Was curious if any of the vendors will be bringing these in.

http://www.joyetech.com/product/details.php?gno=238

Reactions: Like 3


----------



## stevie g (8/4/15)

awesome!!! Looks like a good stealth vape option


----------



## free3dom (8/4/15)

dekardy said:


> Was curious if any of the vendors will be bringing these in.
> 
> http://www.joyetech.com/product/details.php?gno=238



Nice find, will make the eGo One even better

However, this needs to go in the Who Has Stock sub-forum if you want vendors to respond 
Hopefully one of the mods will notice this thread and move it for you


----------



## dekardy (8/4/15)

free3dom said:


> Nice find, will make the eGo One even better
> 
> However, this needs to go in the Who Has Stock sub-forum if you want vendors to respond
> Hopefully one of the mods will notice this thread and move it for you



Yes agreed @free3dom. I was under the impression one could pick the sub-forum during the post and only figured out afterward that it post in the one your at. If any of the mods don't mind, please help me move it to "Who Has Stock" or show me how to do it.

Reactions: Like 1


----------



## Silver (9/4/15)

Thread moved to "who has stock"
Well spotted @free3dom !

Reactions: Like 1 | Thanks 1


----------



## Derick (9/4/15)

They reckon no stock yet, about a week or two - when we order again we will get some of these

Reactions: Like 1 | Thanks 1


----------



## dekardy (9/4/15)

Derick said:


> They reckon no stock yet, about a week or two - when we order again we will get some of these



Thanks @Derick, looking forward.


----------



## HealthCabin (14/4/15)

Very nice product.


----------



## Daniel (14/4/15)

@Derick sweet bud! Put me up for one please ... any idea on price point or too soon ?


----------



## SamuraiTheVapor (14/4/15)

This looks interesting. ^^,


----------



## Marechal (17/4/15)

Derick said:


> They reckon no stock yet, about a week or two - when we order again we will get some of these


Yes please.....I am also in on these....like the adjustable liquid control, the standard coils don't like high VG

Reactions: Like 1 | Agree 1


----------



## Derick (17/4/15)

Daniel said:


> @Derick sweet bud! Put me up for one please ... any idea on price point or too soon ?

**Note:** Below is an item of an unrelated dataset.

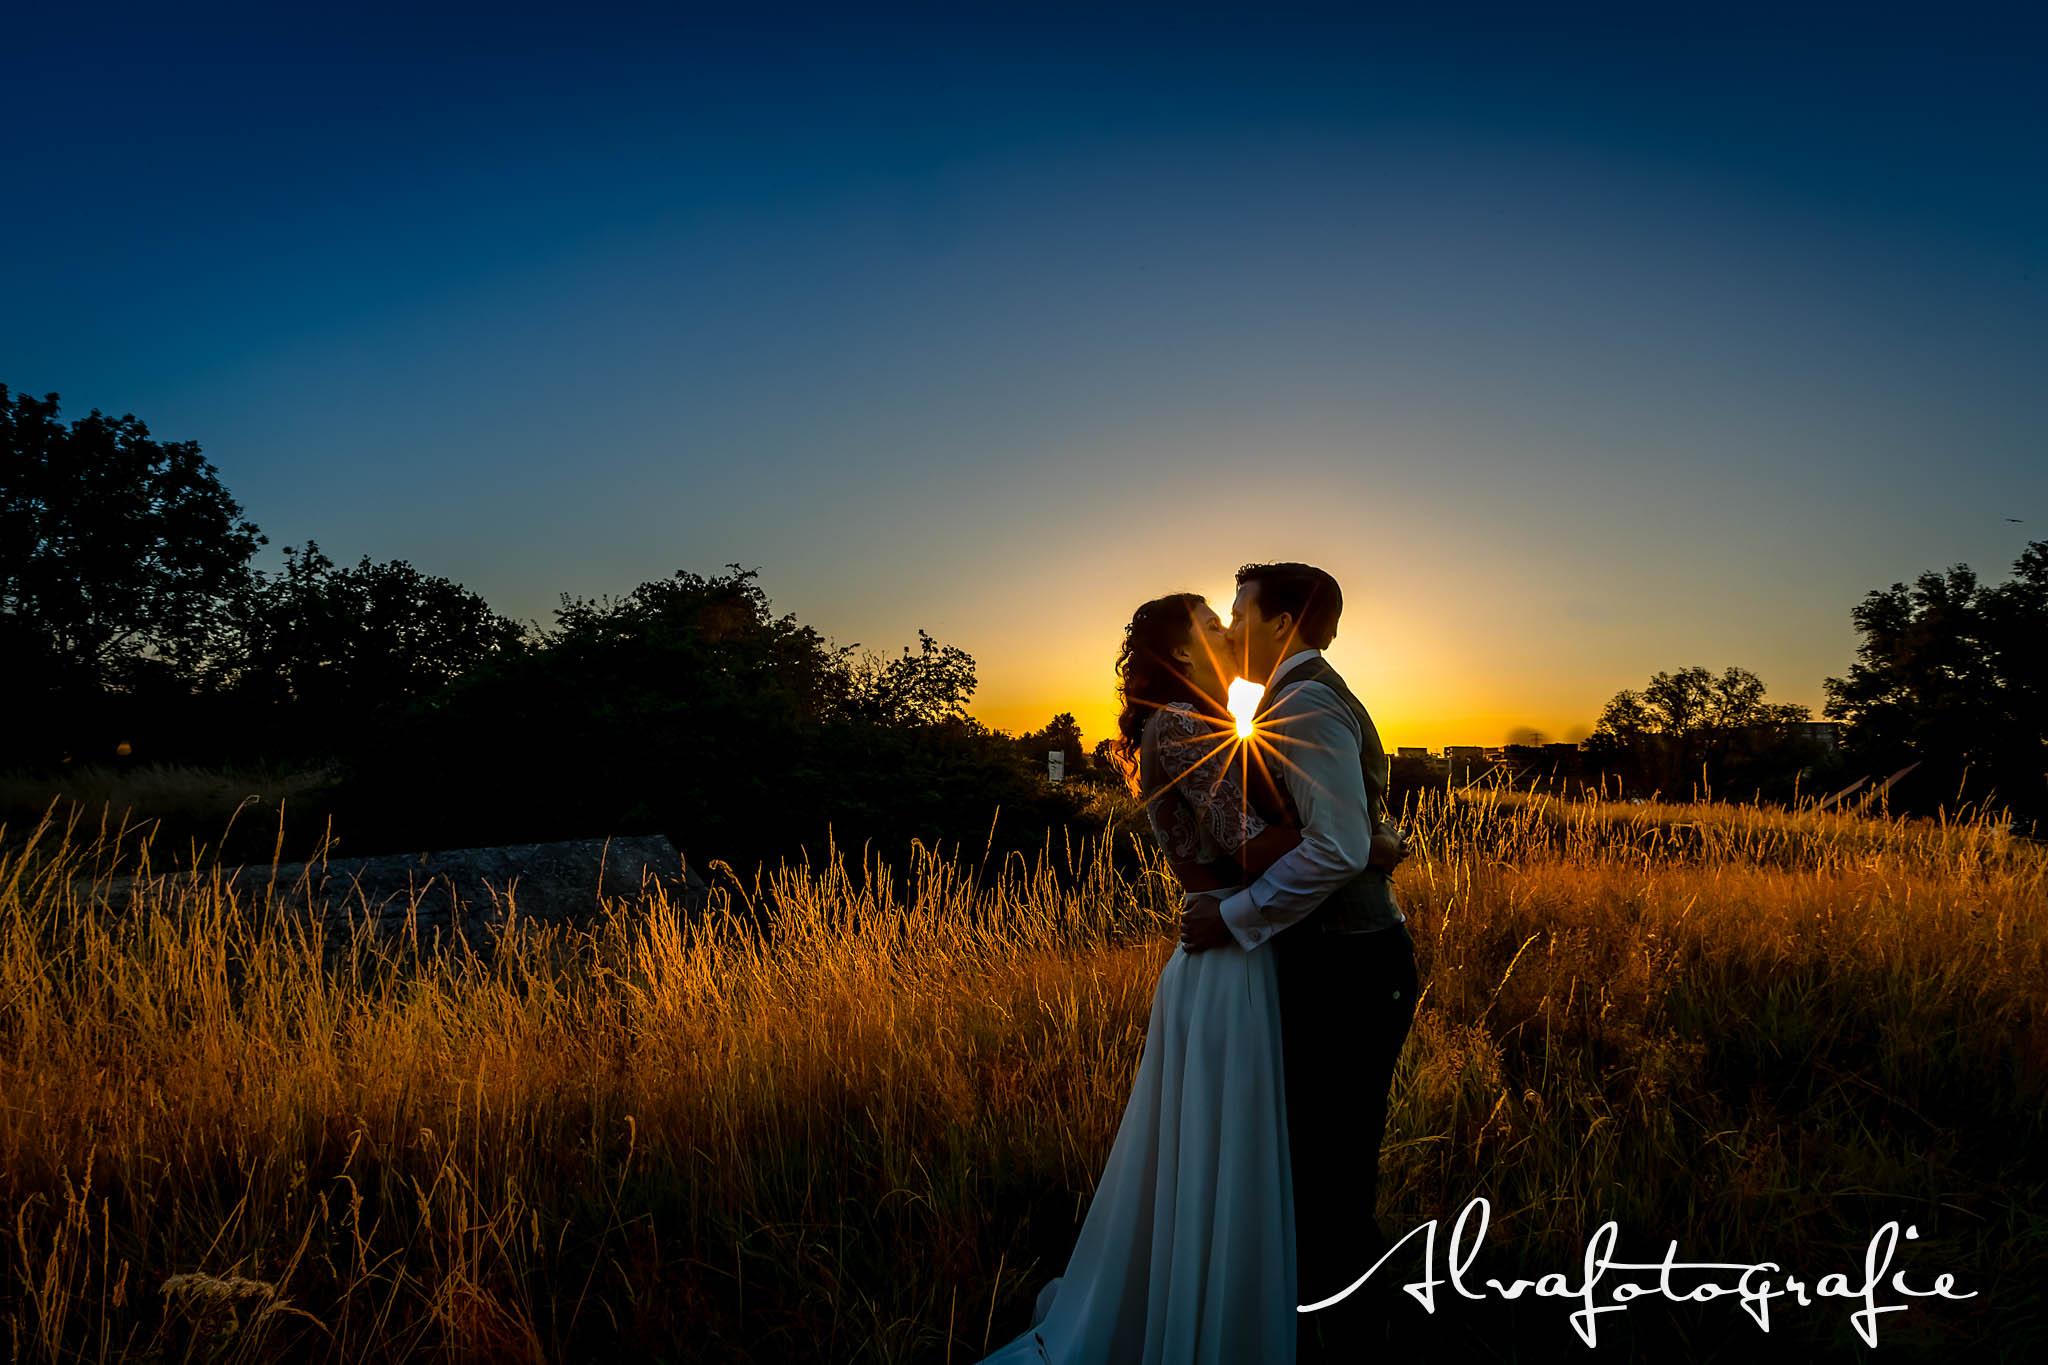 Bruiloft Maren en Tim Alvafotografie zonsondergang bruidspaar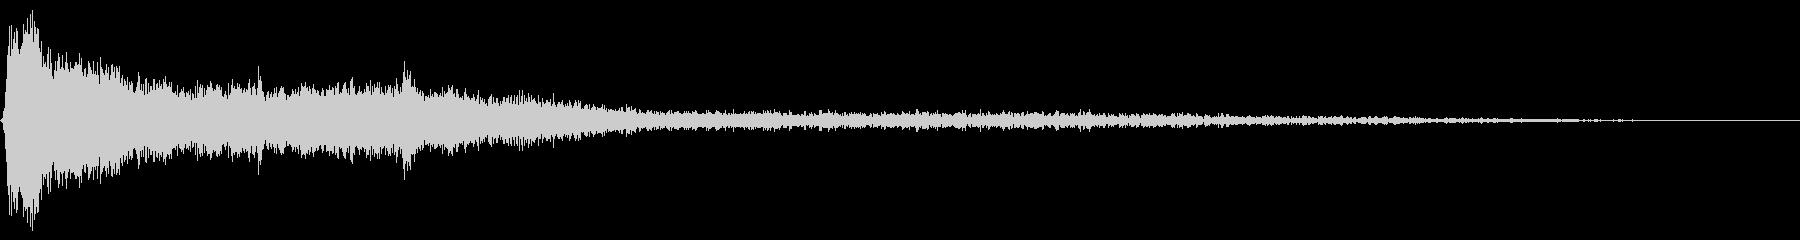 長いシューという鳴き声のザップ遷移の未再生の波形

No Idea unfortunately, they don't have them yet, so can't tell us the price


----------



## Marechal (30/4/15)

@Derick, any news on the CLR heads?


----------



## HealthCabin (30/4/15)

http://www.healthcabin.net/index.php?main_page=product_info&cPath=1290_1475&products_id=9648 

We have them, 17.5 USD


----------



## Derick (30/4/15)

Marechal said:


> @Derick, any news on the CLR heads?


Not yet sorry, we are planning to place another order next week some time as we need to restock on M80's and Lemo 2's as well, then we will bulk the EGO ones and their heads into that order. We just had to restock on batteries first

Reactions: Like 1


----------